Her voice quickened and she perked up, “You're in luck, Monsieur André is available and will see you in just a few moments.” Her suspicious mood had changed from haughty and aloof, to gracious and charming. What Michael didn't know was that she had heard this a thousand times before, from every wannabe stylist in the world, but this time it surprised her to be true. André remembered Michael. He remembered him well. 
“Can I get you anything, Pelligrino…?” She asked.
“No. Nothing. Thank you. I'm fine.” 
“Very well then, let me know if you change your mind, it may be awhile, André is consulting with a client,” she said. 

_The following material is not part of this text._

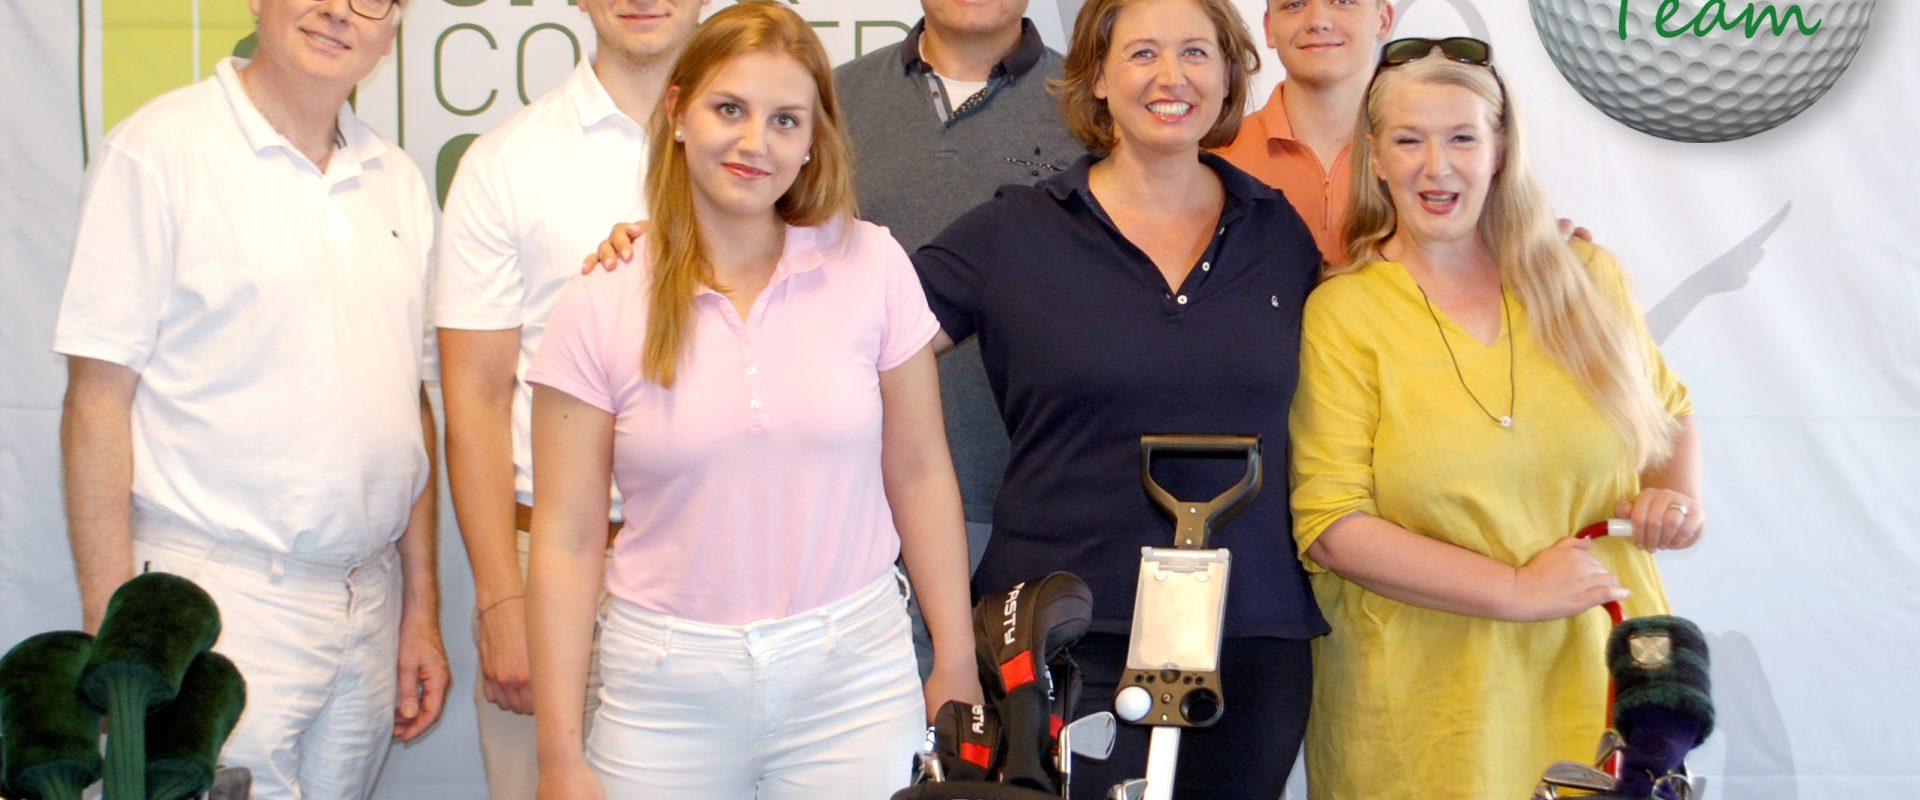 First Austrian Golf Show
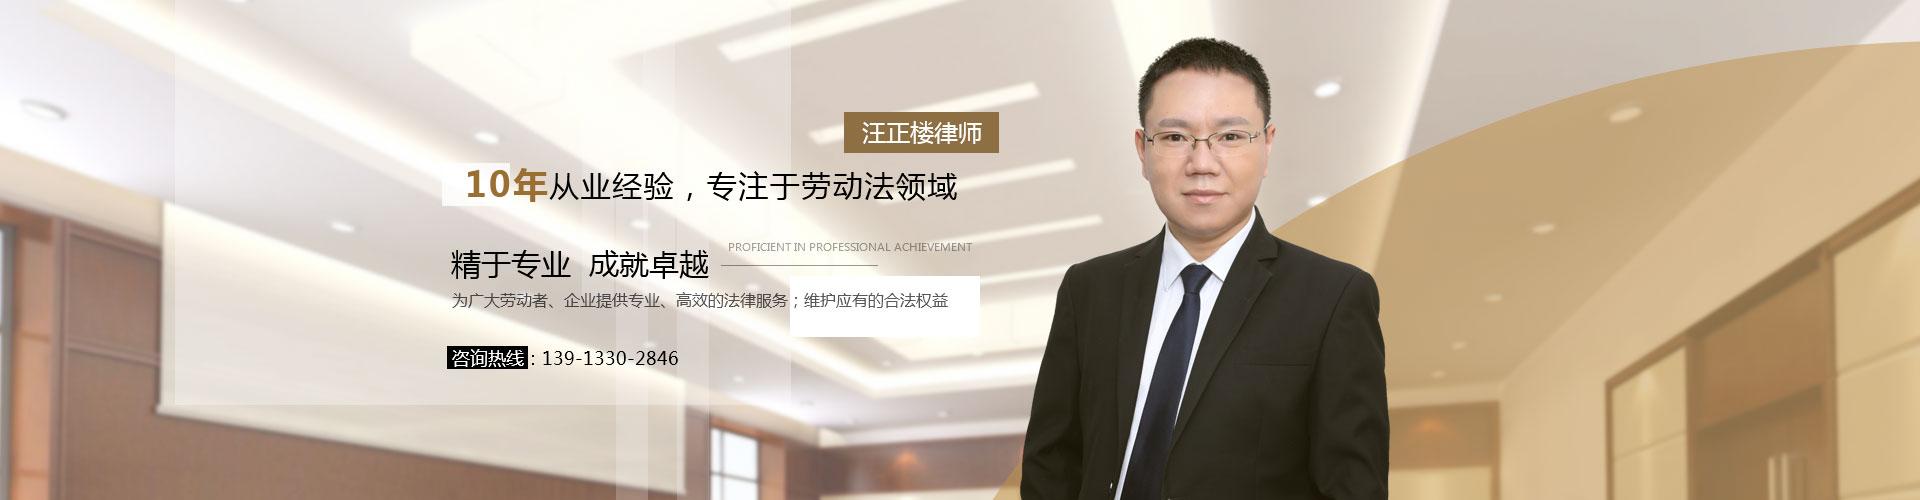 江苏汪正楼律师

“I will, thank you.” He glanced around, took deep breaths, and tried to relax. The parade of glamorous people ascending the staircase seemed routine. Their dark glasses and clothing hid their identities. It was magical and strange. 
Voices became louder behind the staircase, a mechanical sound, the squeak of rubber the soft hiss of brakes; he hadn't noticed the elevator. The doors quietly opened, and there stood André, in a gray Italian suit, and signature scarf. He smiled. 
André approached and kissed Michael on both cheeks, while gripping his shoulders, in traditional European fashion. 
“Michael, darling, how good of you to come. It is good to see you again. How are you?” André said. He was utterly without pretense and charming, not ominous and foreboding, as he had been in Dallas. 
Michael's body stiffened in discomfort, with his arms to his side, his hands clasped his own thighs, “I'm great…thank you, it's good to see you too,” he hesitates, “…your salon is amazing.” 
“Would you like a tour?” he interrupted. André turns to the receptionist, “Dierdré, hold my calls.” 
“Of course, yes, thank you,” Michael said, as he tried to contain his enthusiasm. 
As they toured the salon, Michael was half-listening as he rehearsed in his mind where his station would be; who the power players were, their personalities, how to fit in. Whom to win over and whom to beat. André's light french accent was a whisper to the dialogue going on in Michael's mind. His thoughts were racing, and plotting his next move to turn the conversation to advantage, to employment. 
Before Michael could form the words, André said, “I suppose you are here for a job?” 
Michael was relieved that the conversation had finally turned so quickly to his desperation. 
“Well, yes, I was hoping your offer was still stood.” Michael struggled with the words, “Mon-seur André, I am a huge fan of your work, it would be such an honor to work for you, to learn from you.” He said. “I only just moved here, I mean literally, like yesterday. I haven't even taken my state exam,” he confessed. 
“Well, you will have to sweep hair for now, that is all I can offer, until you are licensed.” 
“Absolutely, that is more than okay.” 
“Well, thank you Michael, for coming. Please show yourself out. Tell Dierdré to put you on the schedule as soon as possible. Tomorrow, if you like.” 
  “Thank you, Sir. Thank you, so much,” he gushed. 
While, not as planned, Michael was now the newest member of André's Salon on Rodeo Drive in Beverly Hills. Sweeping hair, but he wouldn't have to mention that part.